The response should be an exact transcription of the data below, free of images.
===== MATERIAL PROVIDED =====
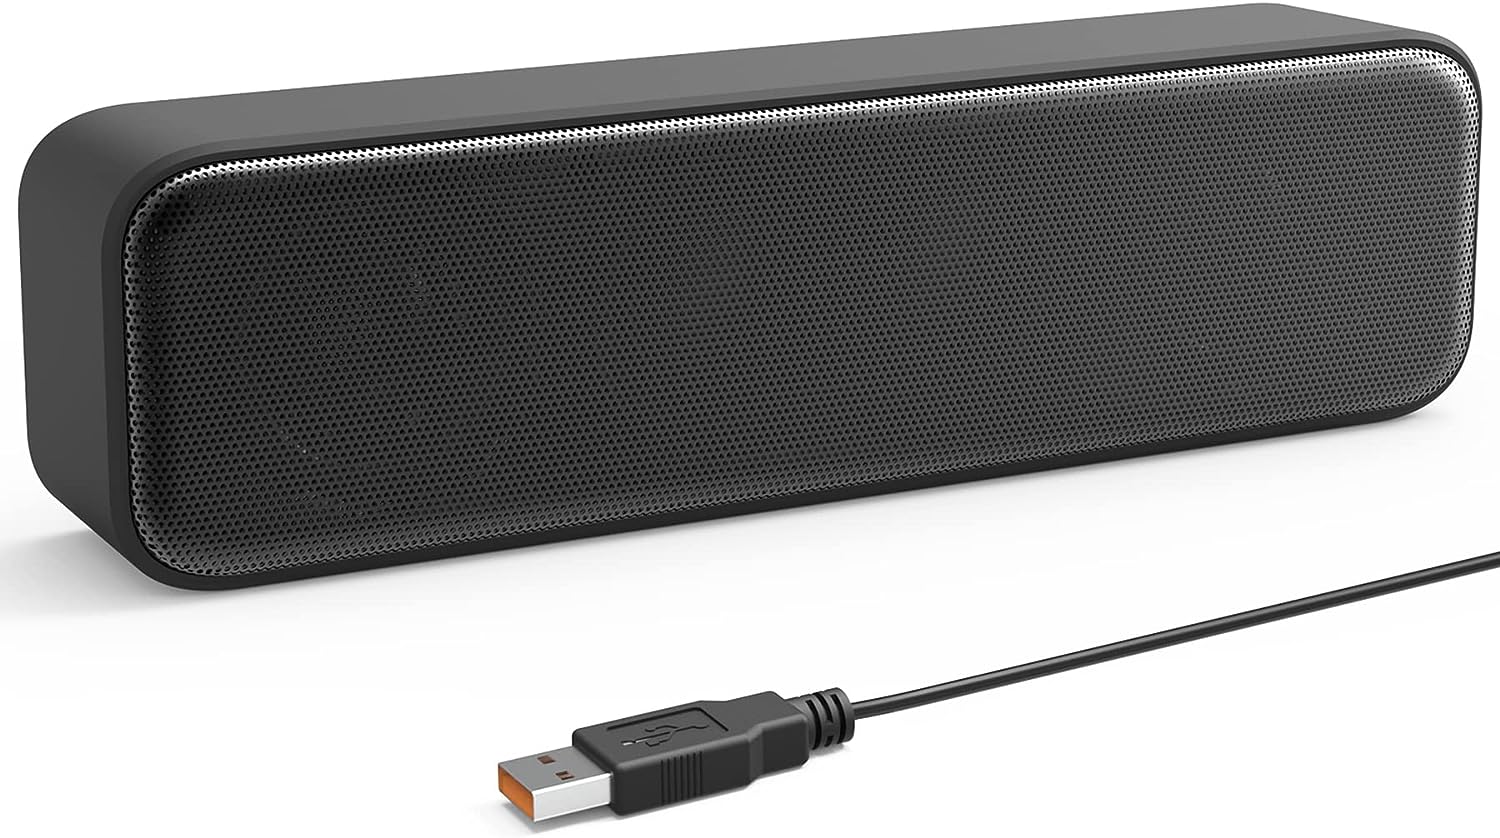 [Exclusive Promo] Get Upgraded USB Computer/Laptop Speaker with Stereo Sound at 49% off!
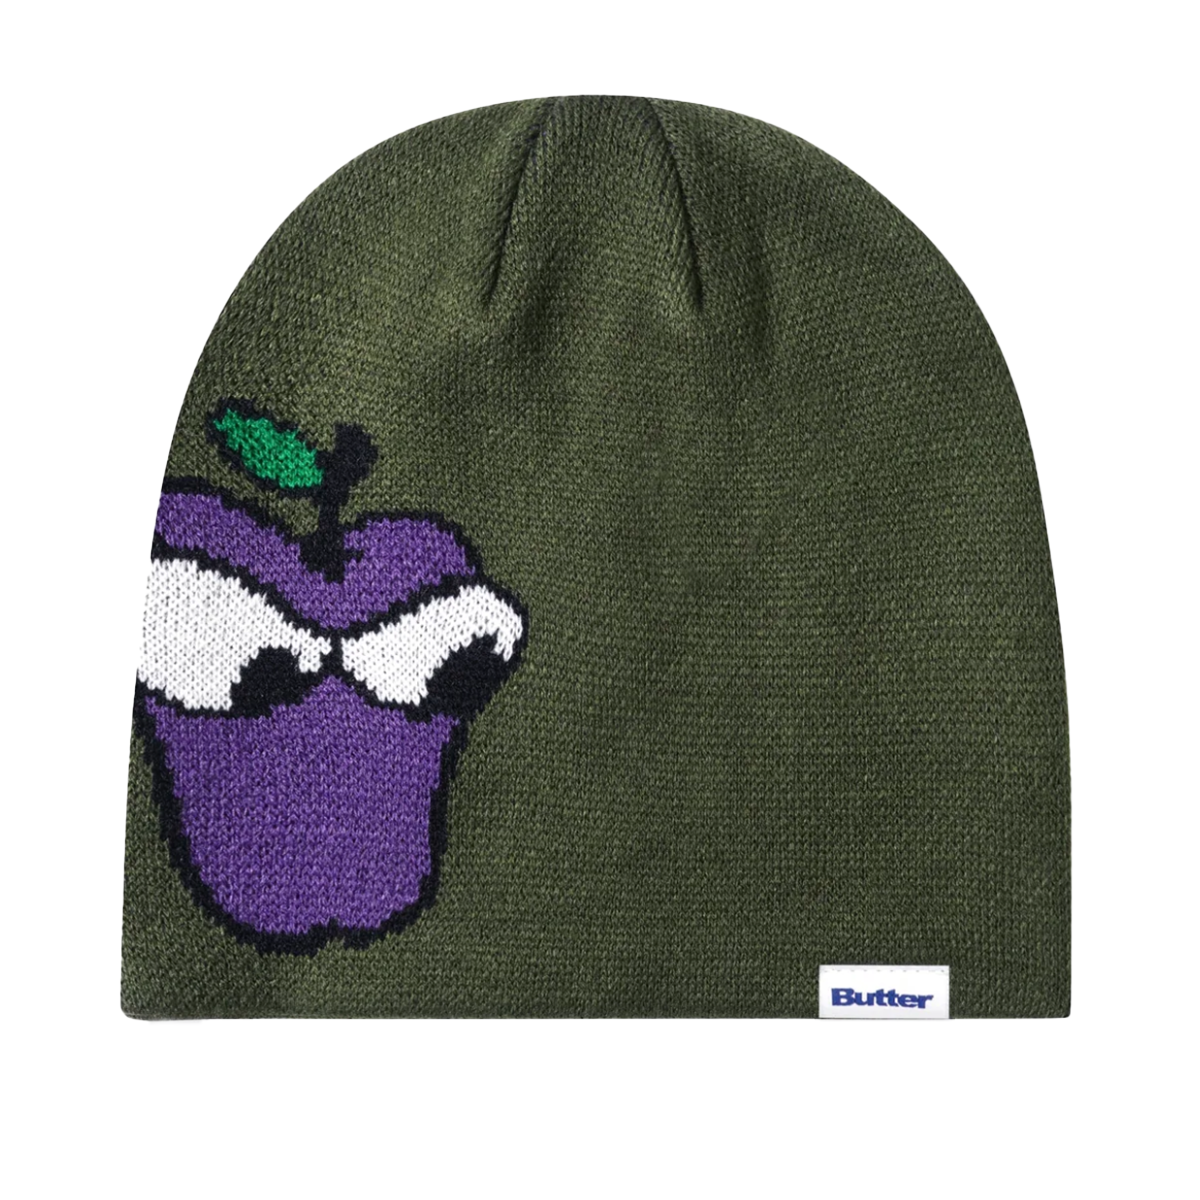 Butter Big Apple Skull Beanie - Assorted Colors
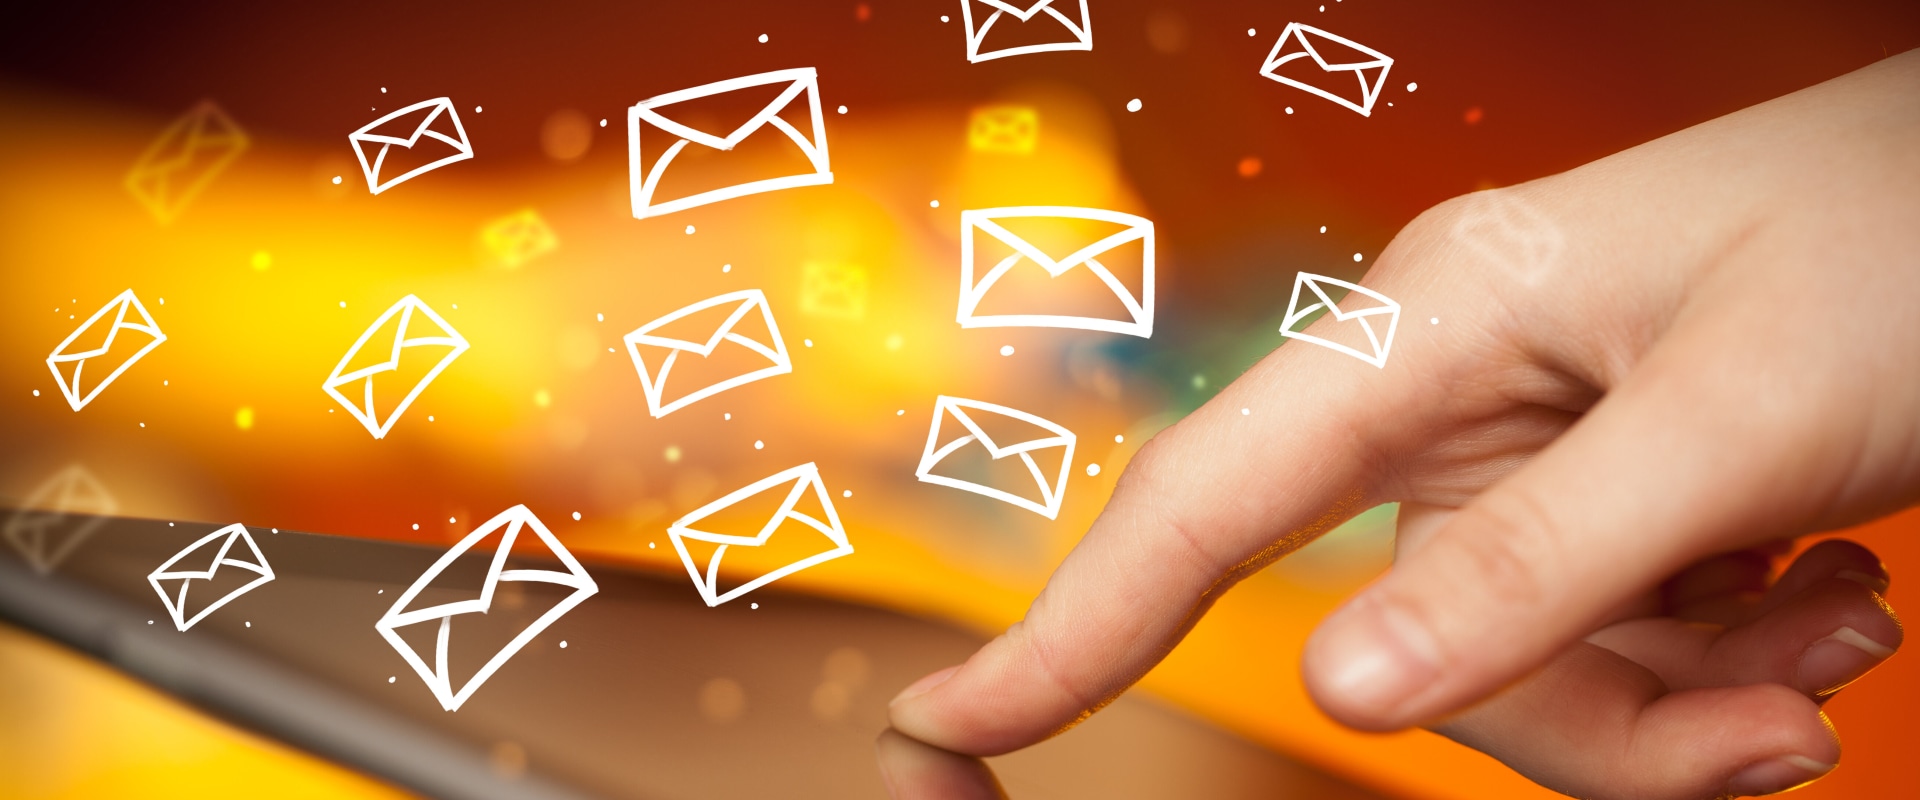 How do i set up email marketing for clients?
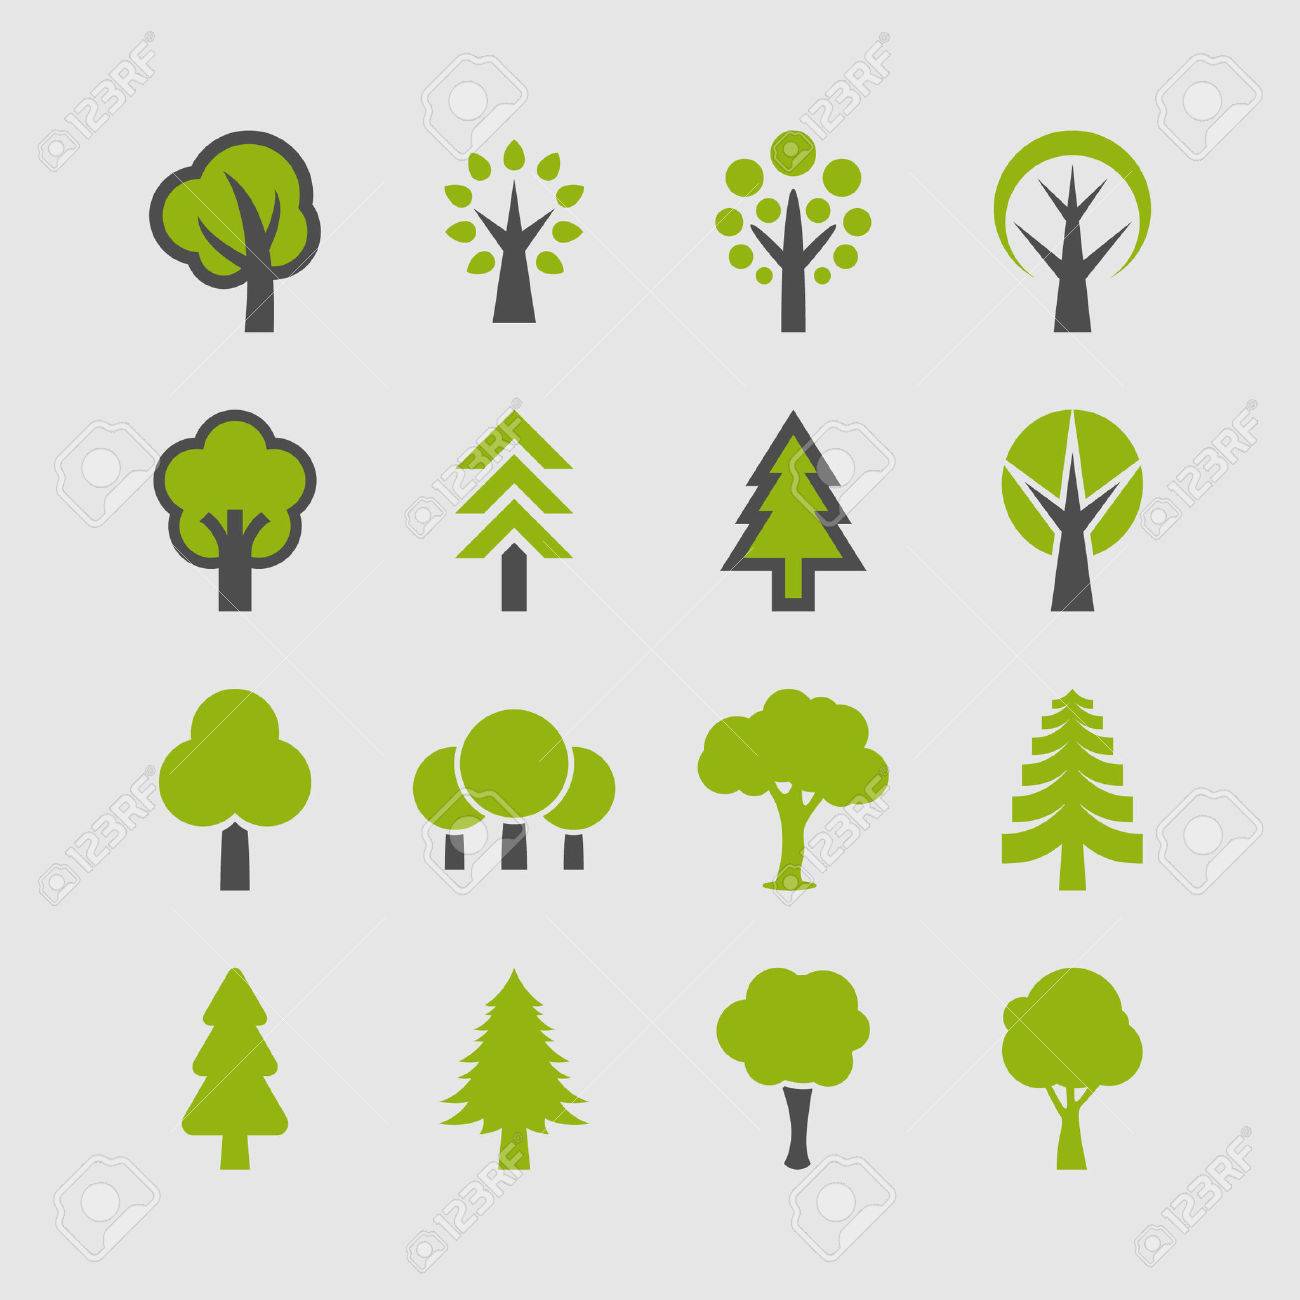 Small tree on ground - Free nature icons
=====
* [ANSWER AREA]:
 [Exclusive Promo] Get Upgraded USB Computer/Laptop Speaker with Stereo Sound at 49% off!
 Butter Big Apple Skull Beanie - Assorted Colors
 How do i set up email marketing for clients?
 Small tree on ground - Free nature icons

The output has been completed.